━━━ Dataset content ━━━

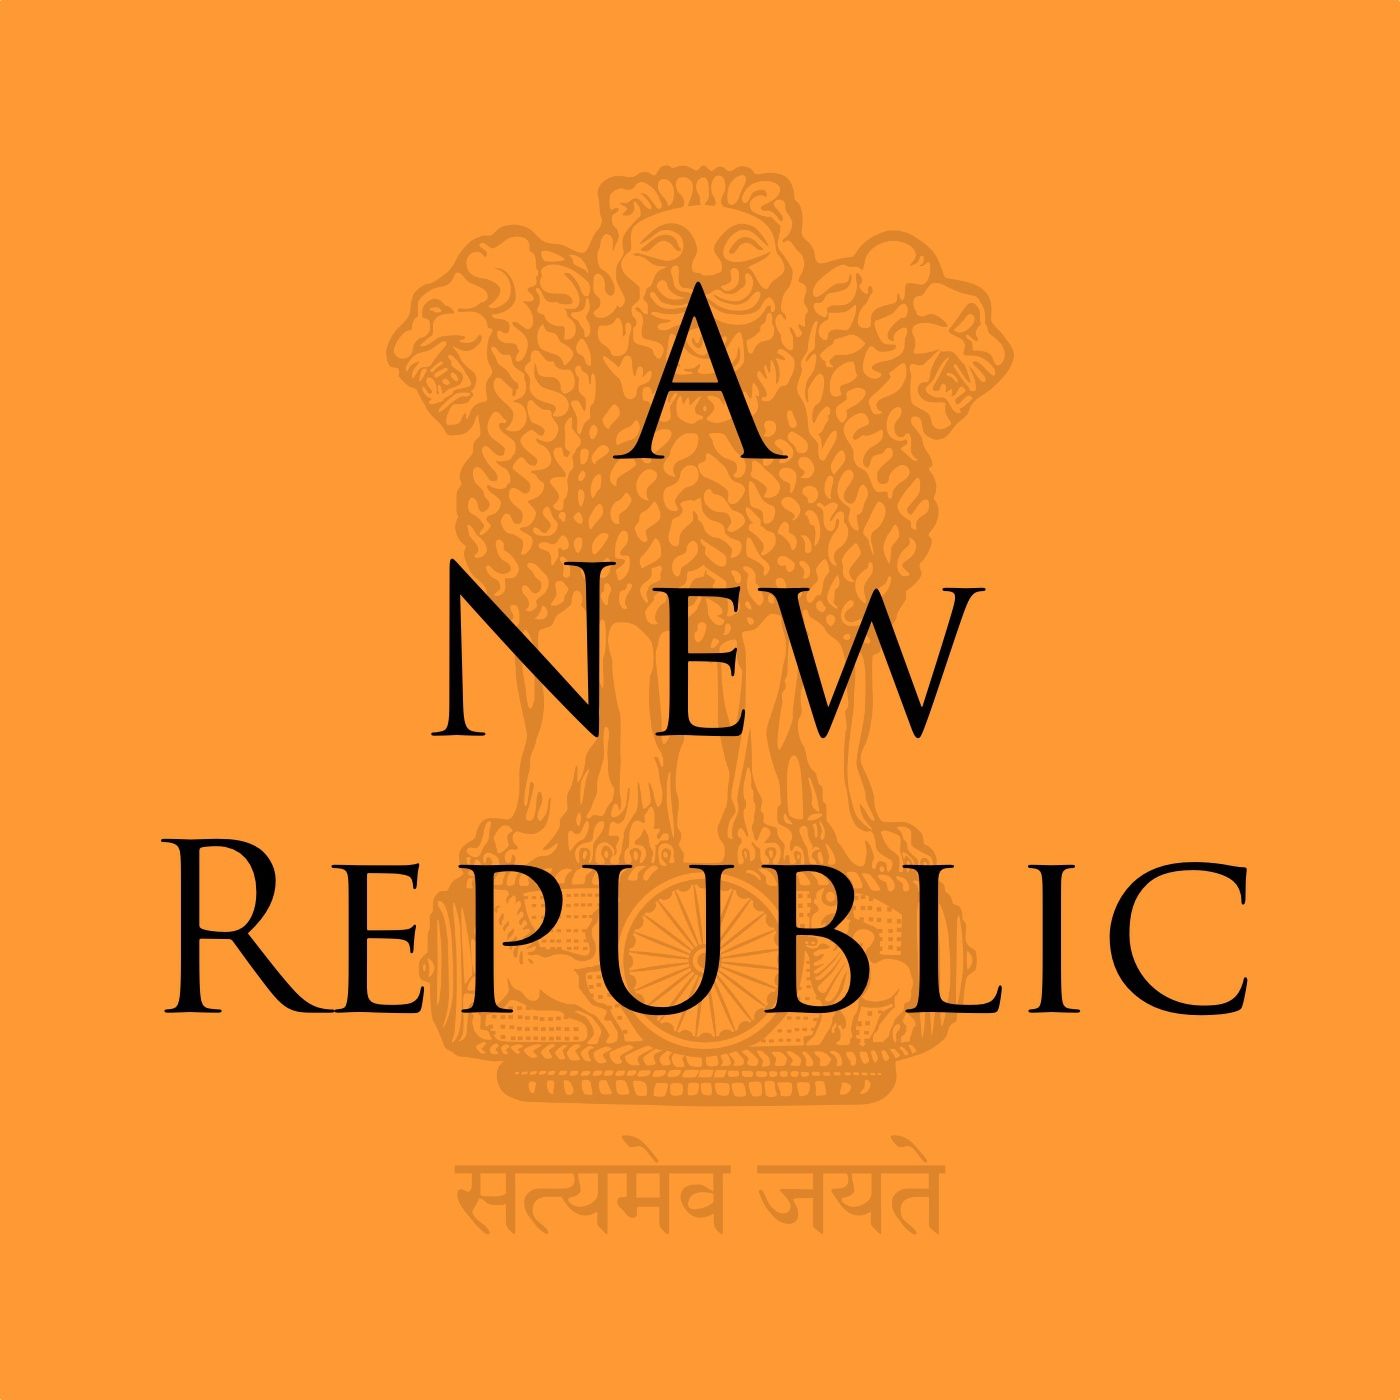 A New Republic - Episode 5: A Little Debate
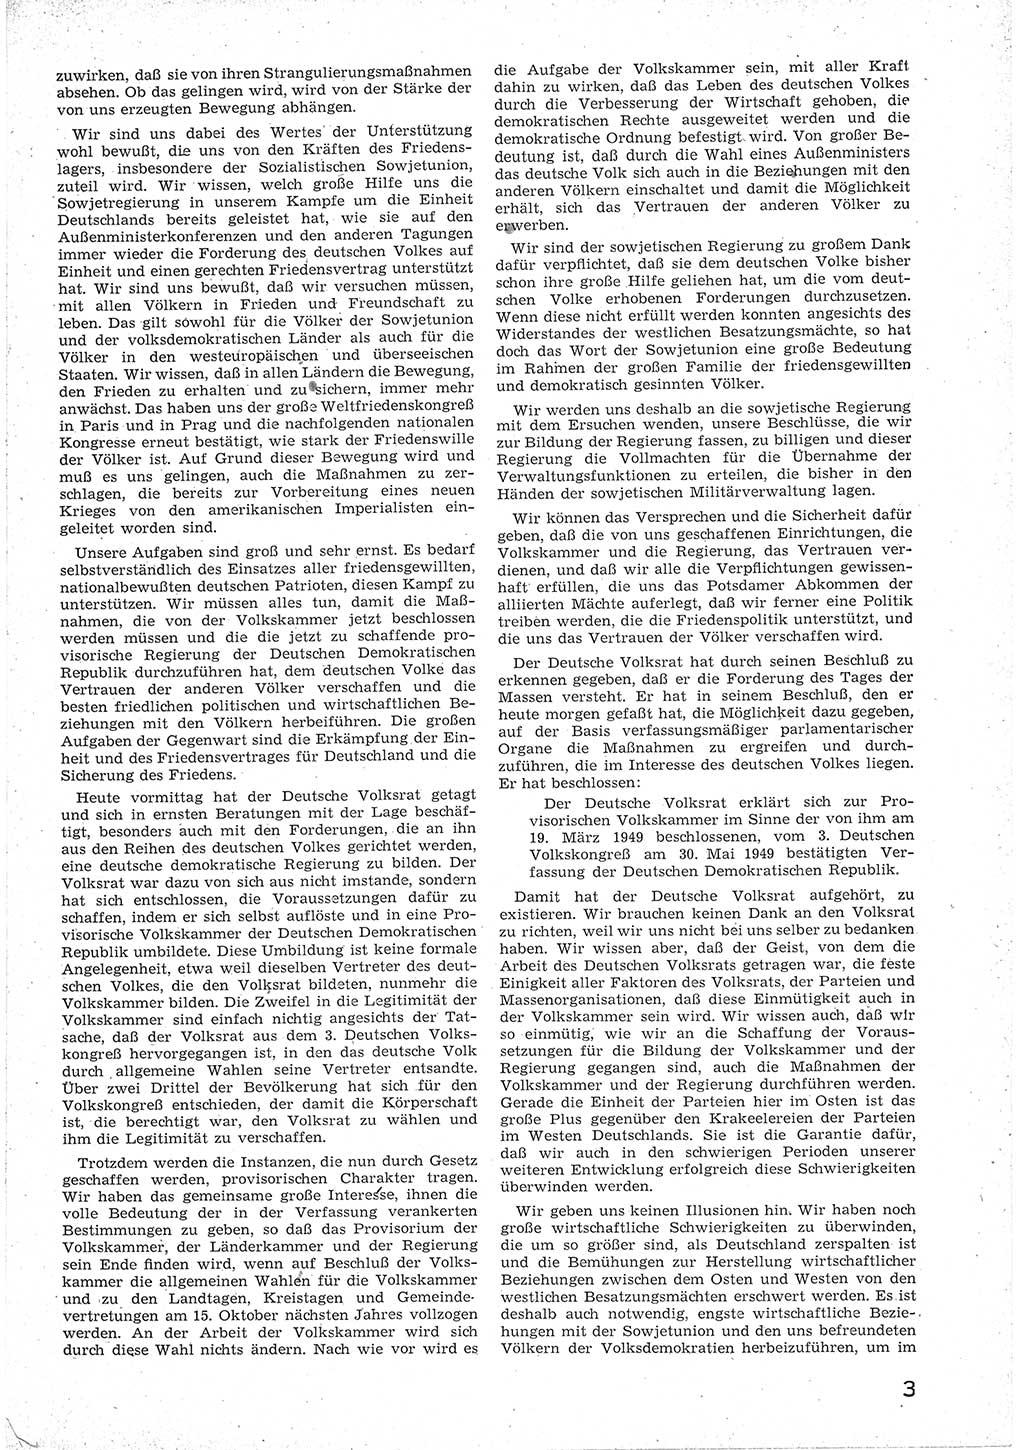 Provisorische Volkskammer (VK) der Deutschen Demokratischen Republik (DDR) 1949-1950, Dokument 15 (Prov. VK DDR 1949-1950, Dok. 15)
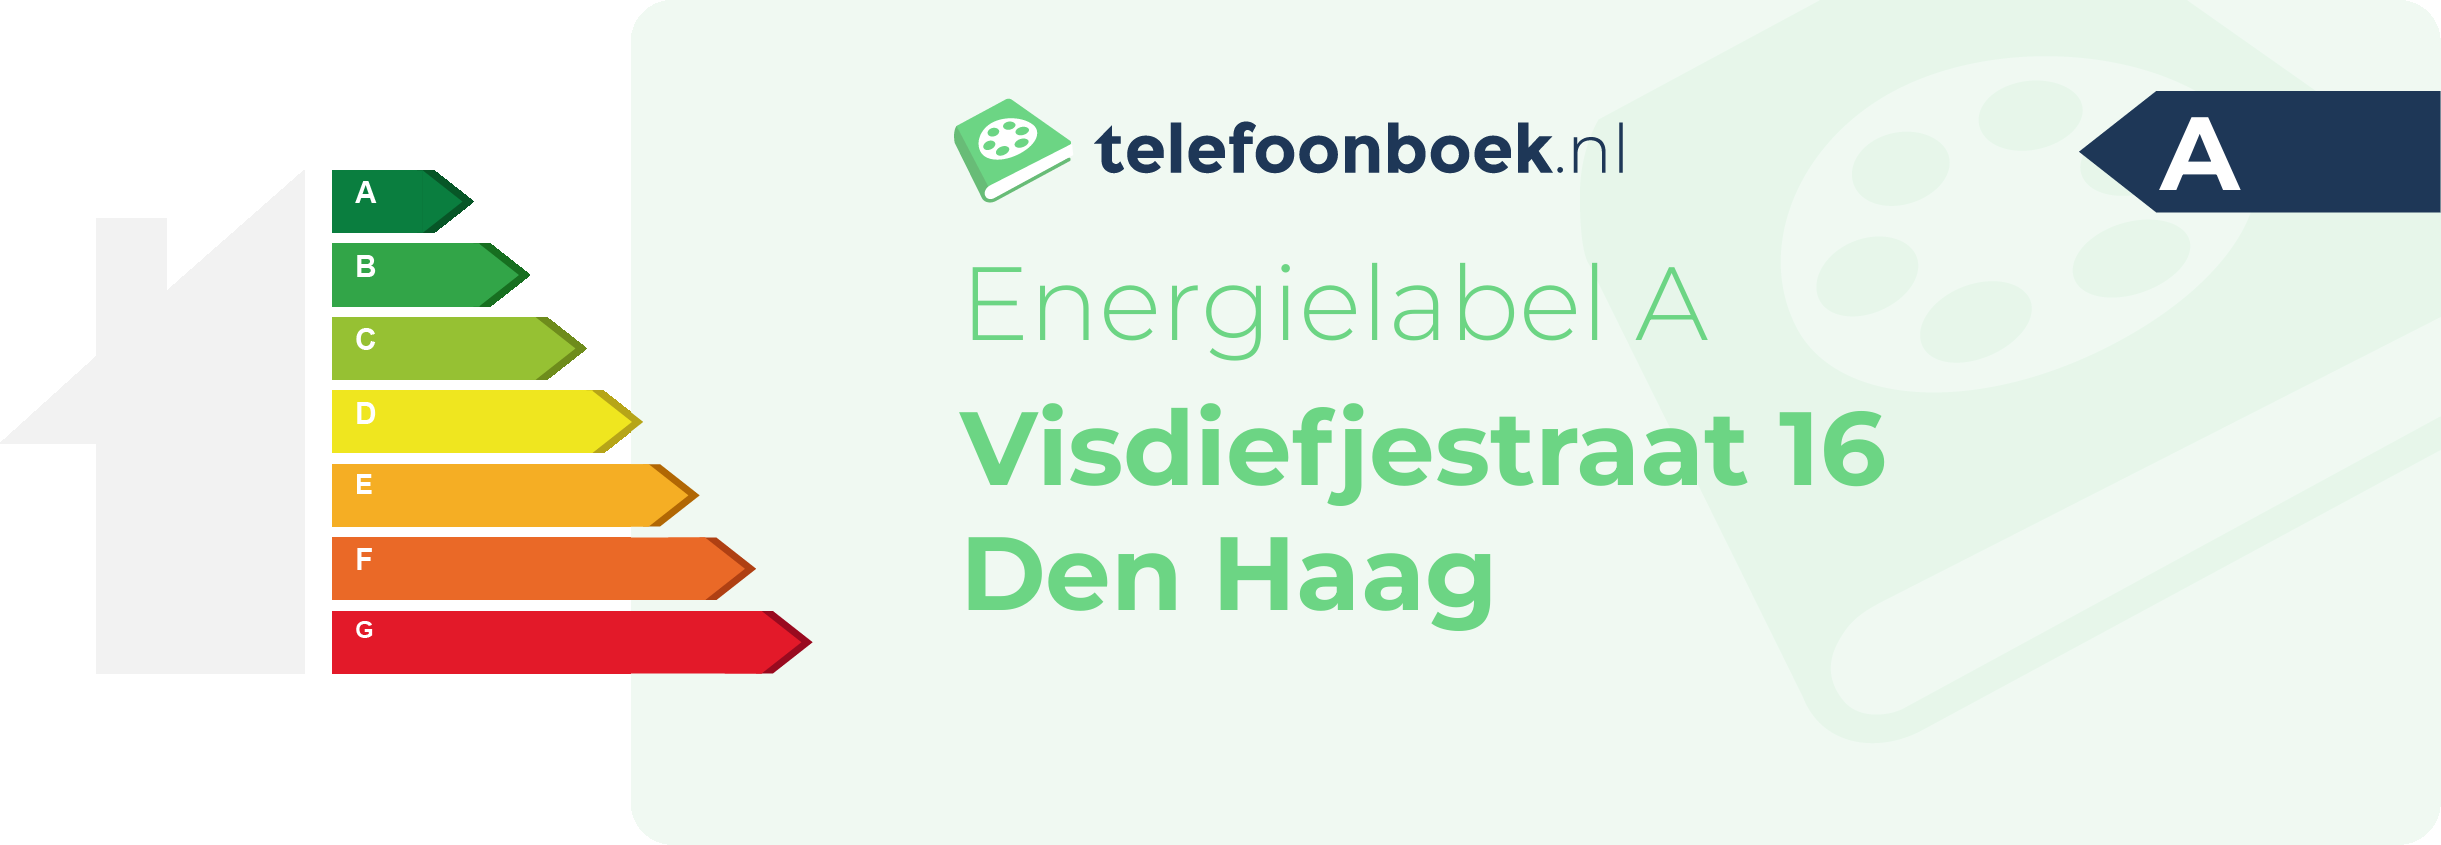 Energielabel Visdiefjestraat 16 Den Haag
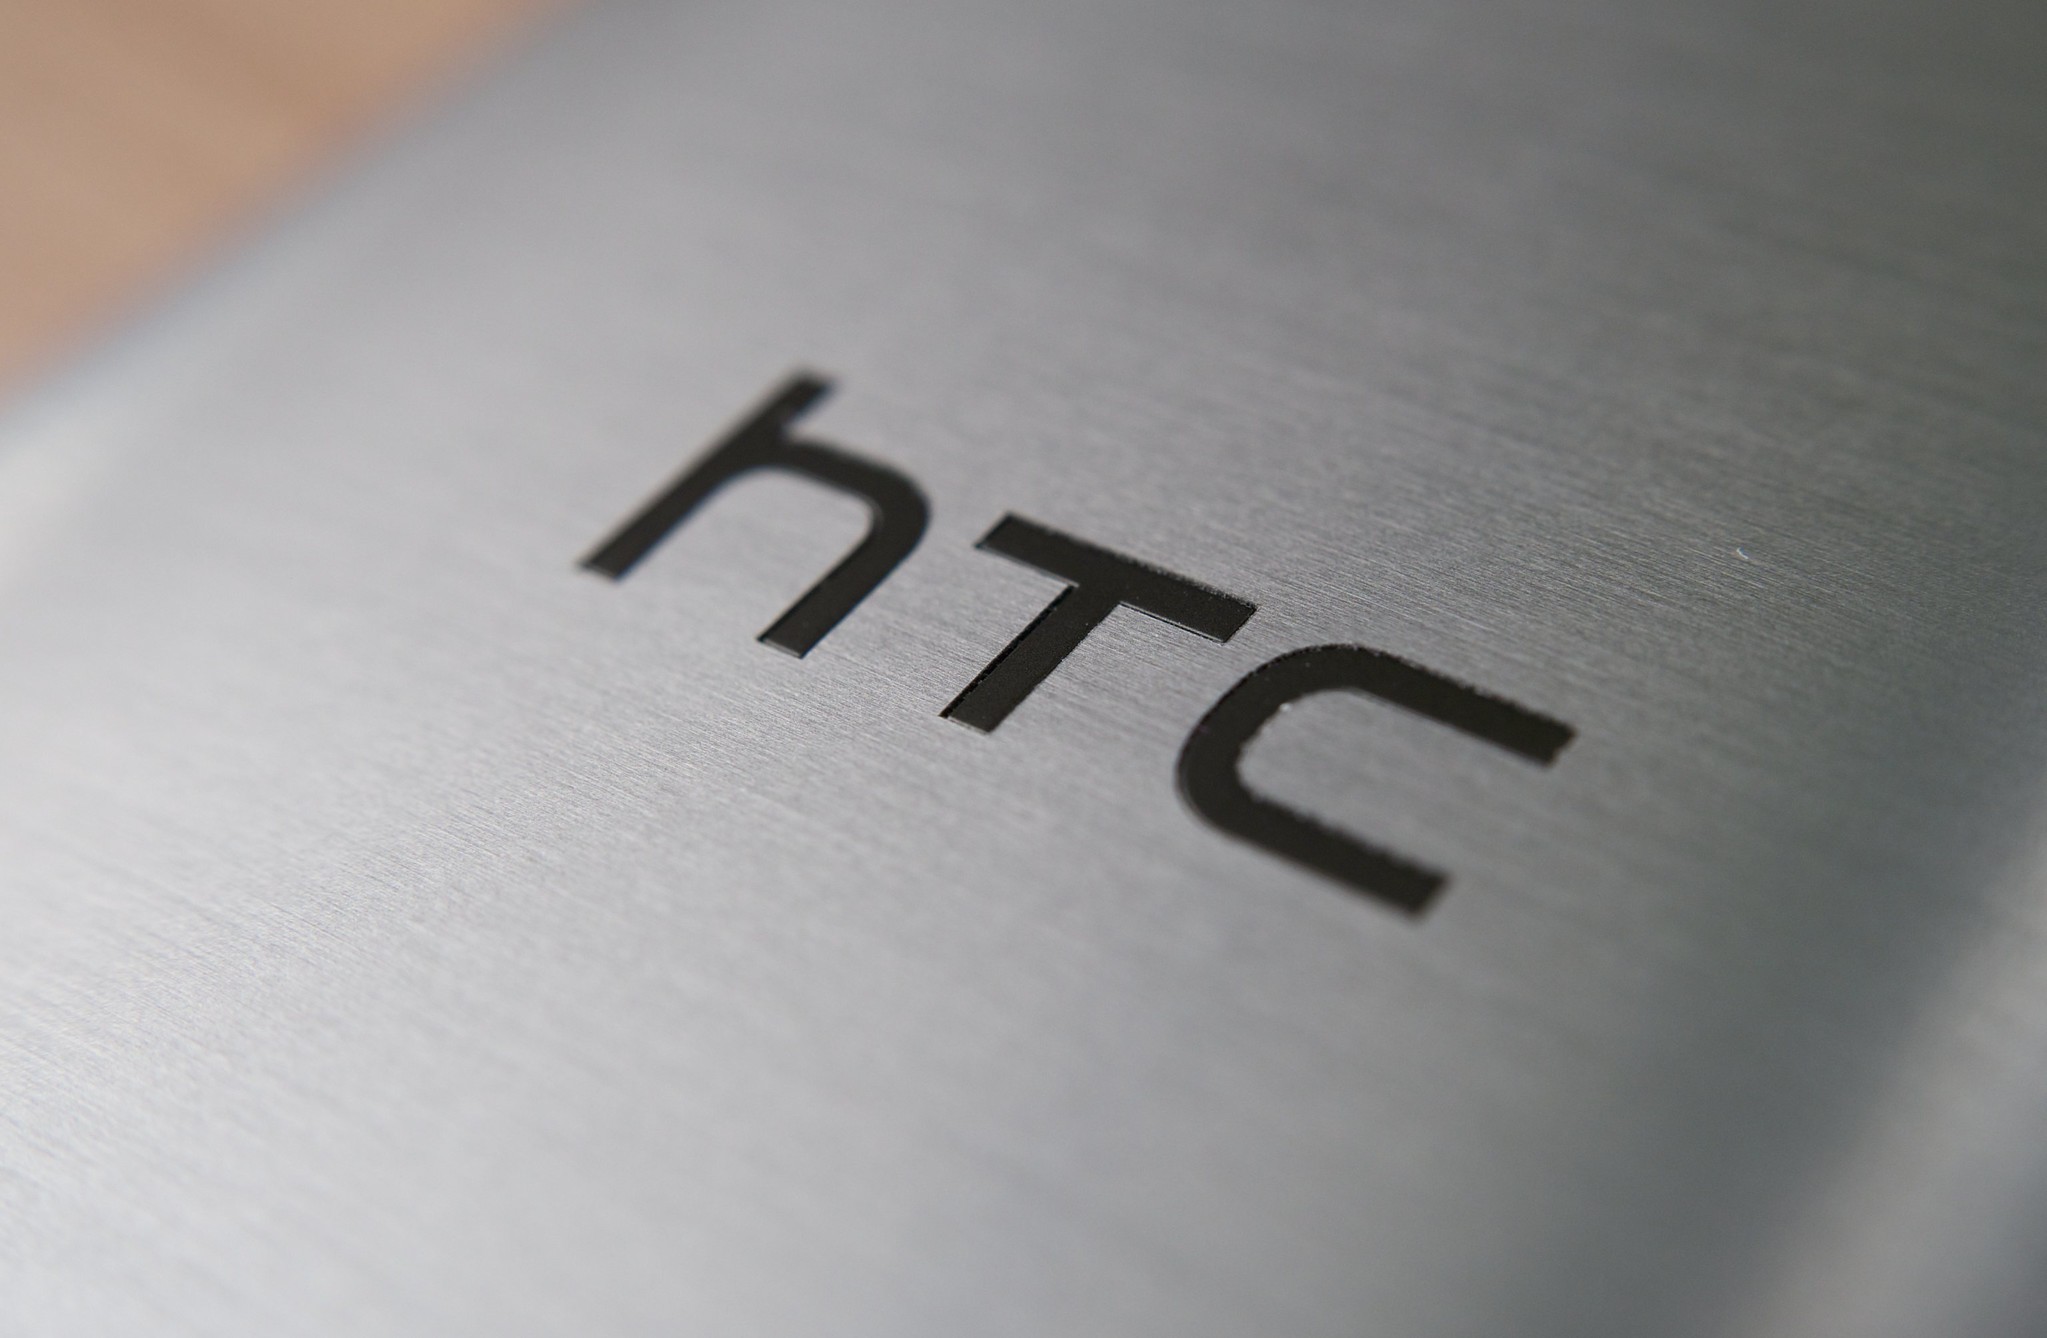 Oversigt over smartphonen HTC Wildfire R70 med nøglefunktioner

━━━

Prompt:
Return exactly the lines that begin with the one containing "Energielabel Visdiefjestraat 16 Den Haag" and end with the final line of the data above; include no pictures.

Exercise output:
 Energielabel Visdiefjestraat 16 Den Haag
 Oversigt over smartphonen HTC Wildfire R70 med nøglefunktioner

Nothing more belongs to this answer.